The concept of finding the area between curves is a fundamental topic in calculus that deals with calculating the region enclosed by two curves on a graph. To find this area, one typically sets up an integral that represents the difference between the functions defining the curves. For our specific example, the curves we are looking at are represented by the equations:

• \( y = \sqrt{x-1} \)
• \( y = x-1 \)

The area between these curves is calculated using the integral of the difference:

• \[ \int_{1}^{2} ((x - 1) - \sqrt{x - 1}) \, dx \]

This particular integral will provide the net area between the curves from one point of intersection to the other. It is important to note that the upper curve in the integral should be subtracted by the lower curve, which ensures a positive result.

To determine where two curves intersect, we equate their respective equations and solve for the points they share in common. For the given exercise, the equations are:

• \( y = \sqrt{x - 1} \)
• \( y = x - 1 \)

We set them equal to find intersections:

• \( \sqrt{x - 1} = x - 1 \)

Solving this equation simplifies into:

• \( x - 1 = (x - 1)^2 \)

This is solved by re-arranging into quadratic form and factoring, which yields:

• \( (x - 1)(x - 2) = 0 \)

Thus, the solutions are \( x = 1 \) and \( x = 2 \).

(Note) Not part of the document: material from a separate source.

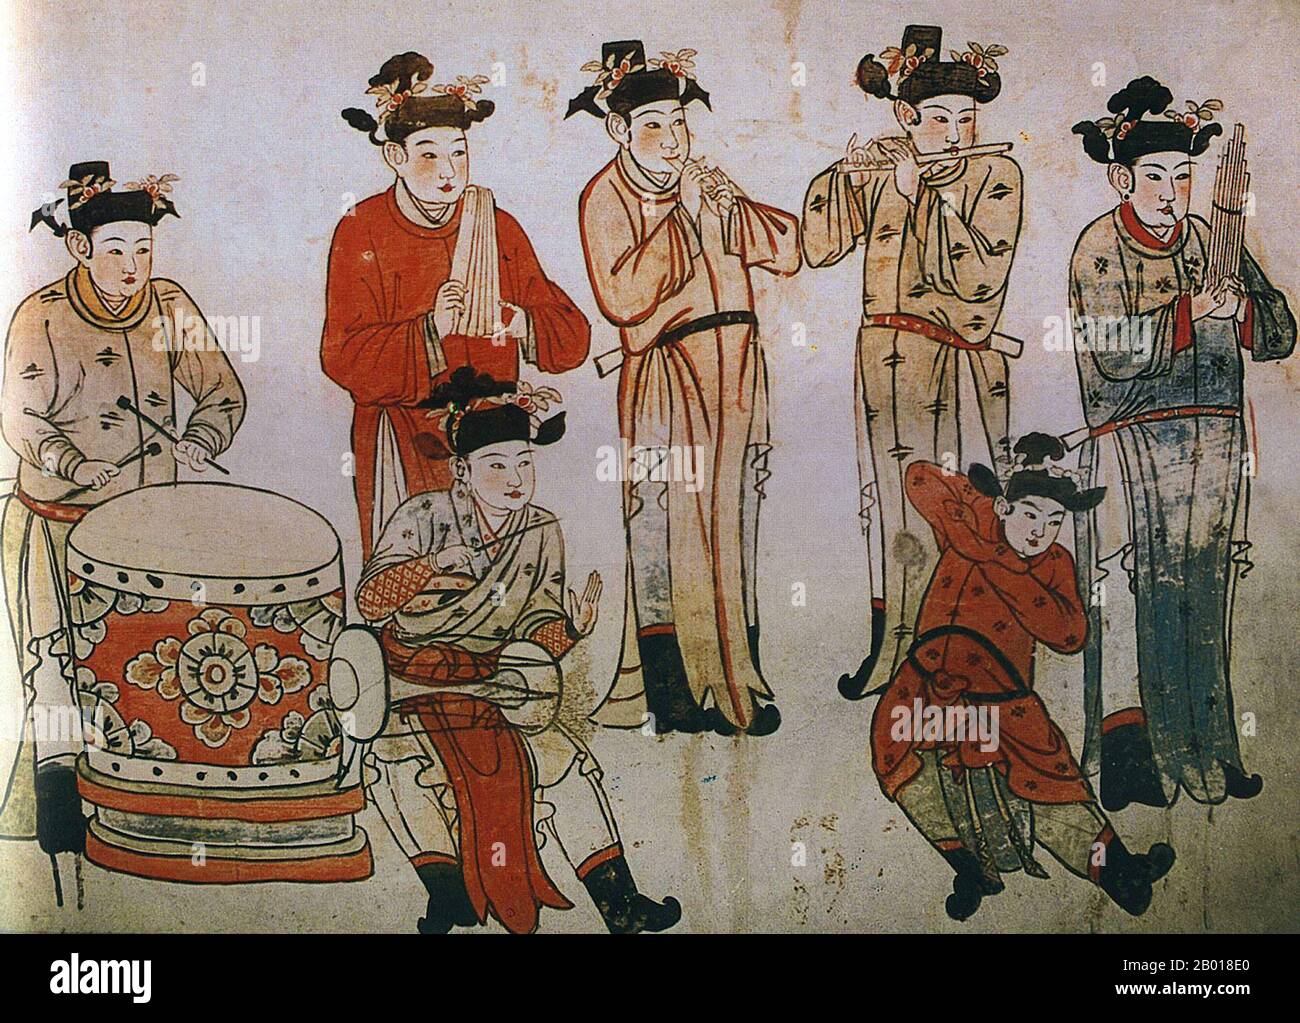 Cina: Musicisti e ballerino. Murale nella tomba di Zhang Wenzao, Xuanhua, Hebei, Dinastia Liao (1093-1117). La dinastia di Liao, conosciuta anche come l'Impero Khitan, era uno stato che dominava le regioni di Manciuria, Mongolia, e parti della Cina settentrionale propriamente detta. Fu fondata dal clan Yelü del popolo Khitano nello stesso anno in cui la dinastia Tang crollò (907), anche se il suo primo sovrano, Yelü Abaoji (Yaruud Ambagai Khan), non dichiarò un nome di epoca fino al 916. Foto Stock

Substituting these values back into the original equations helps us find the corresponding y-values, giving us the points

• \((1, 0)\)
• \((2, 1)\)

These points mark where the curves cross each other.

Integral calculus, part of the broader scope of calculus, is instrumental in computing areas under curves and, by extension, the area between curves. In solving problems like these, we take advantage of definite integrals to find such areas efficiently.
When dealing with two functions, say \( f(x) \) and \( g(x) \), where \( f(x) \) is the upper function and \( g(x) \) is the lower over a certain interval [a, b], the area is given by:

• \[ \int_{a}^{b} (f(x) - g(x)) \, dx \]

The integration process involves evaluating this integral, taking into account any simplifications that make the calculation direct and accurate. For the example we are exploring, the definite integral set between the points of intersection \( x = 1 \) and \( x = 2 \) requires evaluating two separate integrals:

• \( \int_{1}^{2} (x-1) \, dx \)
• \( \int_{1}^{2} \sqrt{x-1} \, dx \)

These integrals combine to yield the area as the difference between the two calculated values.

Sketching the region enclosed by curves is crucial in visualizing and understanding the problem at hand. It helps to identify the bounds and behavior of each curve. In this exercise, we have:

• The curve \( y = \sqrt{x - 1} \), a rightward-opening parabola starting at \( x = 1 \).
• The line \( y = x - 1 \) which is a straight line intersecting the previous curve.

When sketching, plot the known points

• \((1, 0)\) and
• \((2, 1)\)

for clear visualization. Additionally, marking the intersections simplifies determining which function lies above the other between the established limits.
This visualization confirms the region's bounds and ensures the correct identification and integration of the area between these curves. It clarifies any potential ambiguity in setting up the integral setup while enhancing comprehension of the integral calculus involved.